Our public policy team works to advance policies to end homelessness, improve health care access, increase economic justice, correct racial disparities and achieve greater alignment of the support systems our clients rely on. The 2022 Oregon legislative session has begun, and Central City Concern has identified our top legislative priorities.
Central City Concern (CCC) believes an effective response to ending homelessness, particularly long-term/ chronic homelessness, must prioritize systems alignment and restorative anti-racist practices. We must commit to equity-focused and data-driven investments. We need a system that intentionally connects access to housing, behavioral health and health care, economic resiliency, and social connectedness. This work requires investment in a knowledgeable and skilled workforce to deliver effective and high-quality services. CCC has over 40 years of experience with integration and innovation to improve outcomes for people most impacted by homelessness and poverty.
CCC is supporting the following legislation:
We do not have enough affordable housing for all the people experiencing homelessness. To increase housing access, housing stability and to prevent more experiences of homelessness, we are supporting two key proposed investments:
- $339.5M in the Governor’s budget to build and preserve affordable housing.
- $100M in the Housing Stability and Homeless Prevention Package for eviction prevention and rapid rehousing. Read more in this letter signed by over 30 organizations.
- Establishes Task Force on Resilient Efficient Buildings to identify and evaluate policies related to building codes and building decarbonization for new and existing buildings that would enable state to meet greenhouse gas emissions reduction goals.
- Requires task force to make policy recommendations for 2023 Legislative Assembly.
Criminal and Legal System
- Reduces unnecessary stops by law enforcement for Oregonians of color.
- Mandates that officers inform Oregonians of their right to decline a search, as well as written/verbal consent to search.
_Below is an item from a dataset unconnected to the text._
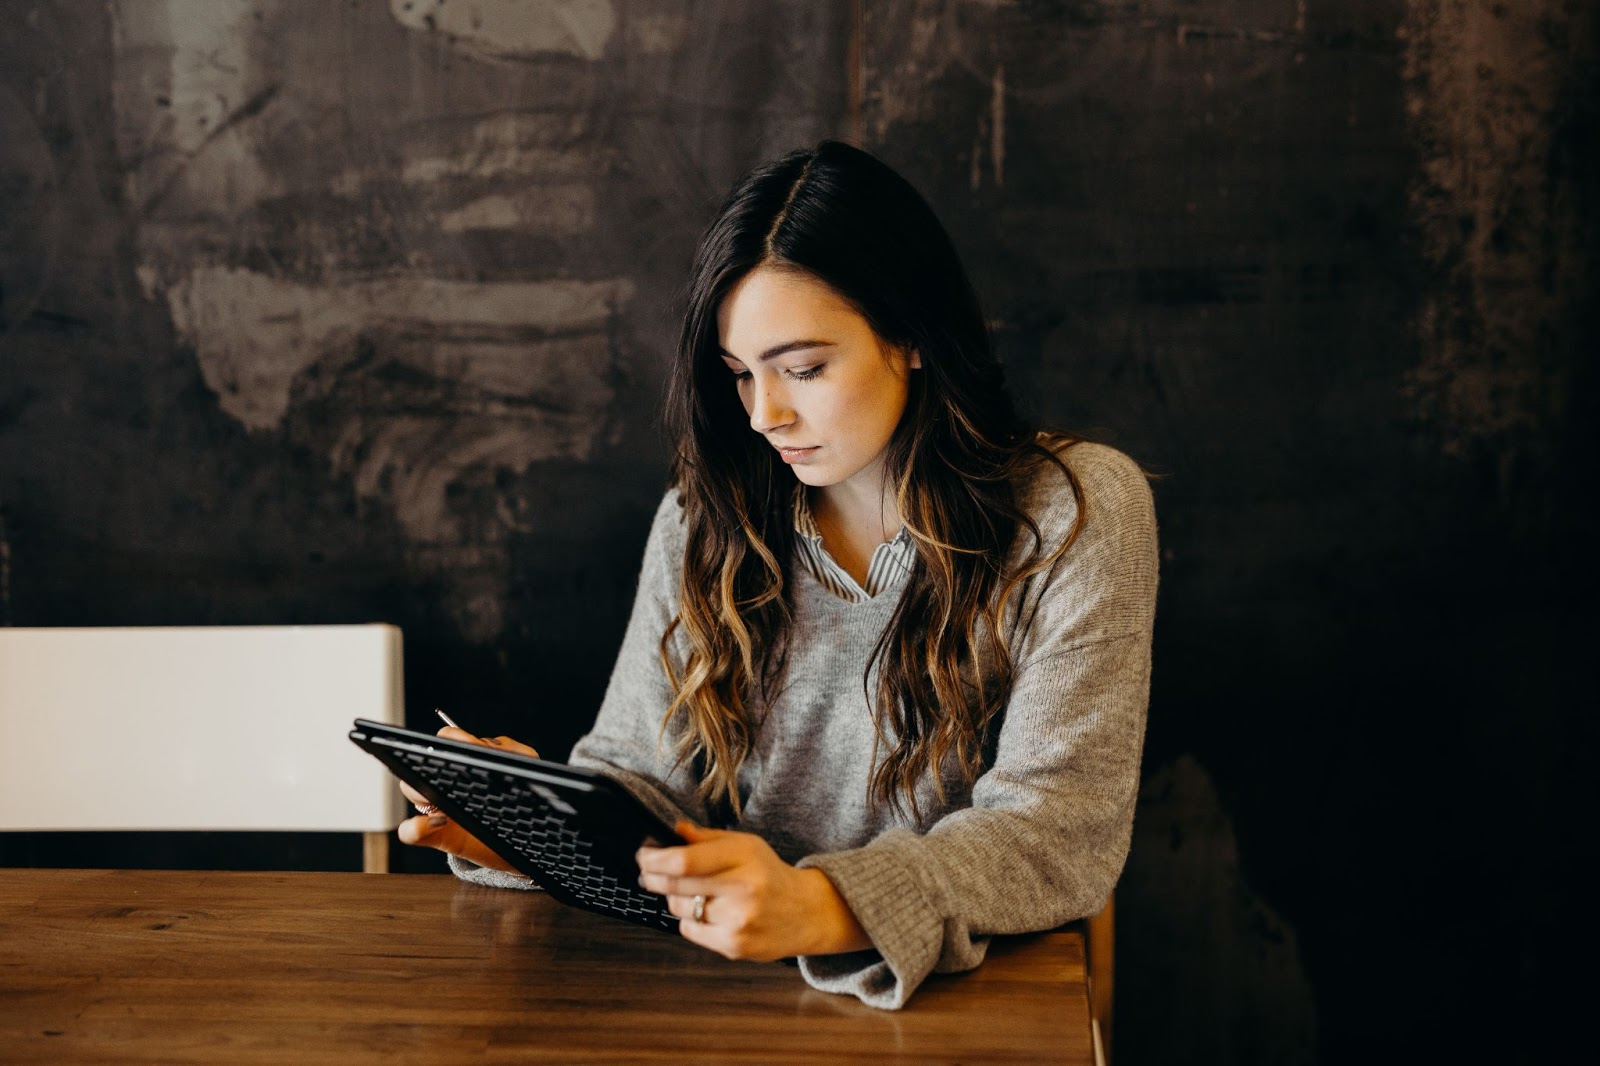 Research job salaries

- Adds new training requirements.
- Increases funding for restorative justice and community-based organizations focused on crime prevention.
- Creates a grant program for Oregon’s providers, permitting them to raise wages to competitive levels designed to support the retention and recruitment of staff in the current labor market. Nearly all providers are facing unprecedented labor shortages.
- Requires health insurance policies, Oregon Health Plan and others to provide reimbursement for at least three primary care or behavioral health visits annually, in addition to one preventative primary care visit, without cost sharing.
- Allows patient visits to focus on integrated care, which means patients can access different kinds of care (for example, primary care and behavioral health) in the same visit.
- Eliminates the prior authorization required for a behavioral health visit.
This five-week short legislative session is moving quickly, and one of the bills CCC was following have already expired because they did not get a vote in time to stay active. This bill may still get a hearing this session and we look forward to supporting this work in a future legislative session.
- Restores voting rights to Oregonians who are convicted of a felony, allowing them to register to vote, update voter registration and vote in elections while incarcerated.
CCC also joined the call to action with our partners at the Health Justice Recovery Alliance. Over 1,000 individual constituents wrote to their state leaders demanding they protect the funding and integrity of Measure 110 implementation. Thanks to the advocates at CCC and around the state we were able to ensure there are no cuts to Measure 110 funding for recovery services.
Our public policy team works year-round to advance policies to end homelessness, improve health care access, increase economic justice, correct racial disparities and achieve greater alignment of the support systems our clients rely on.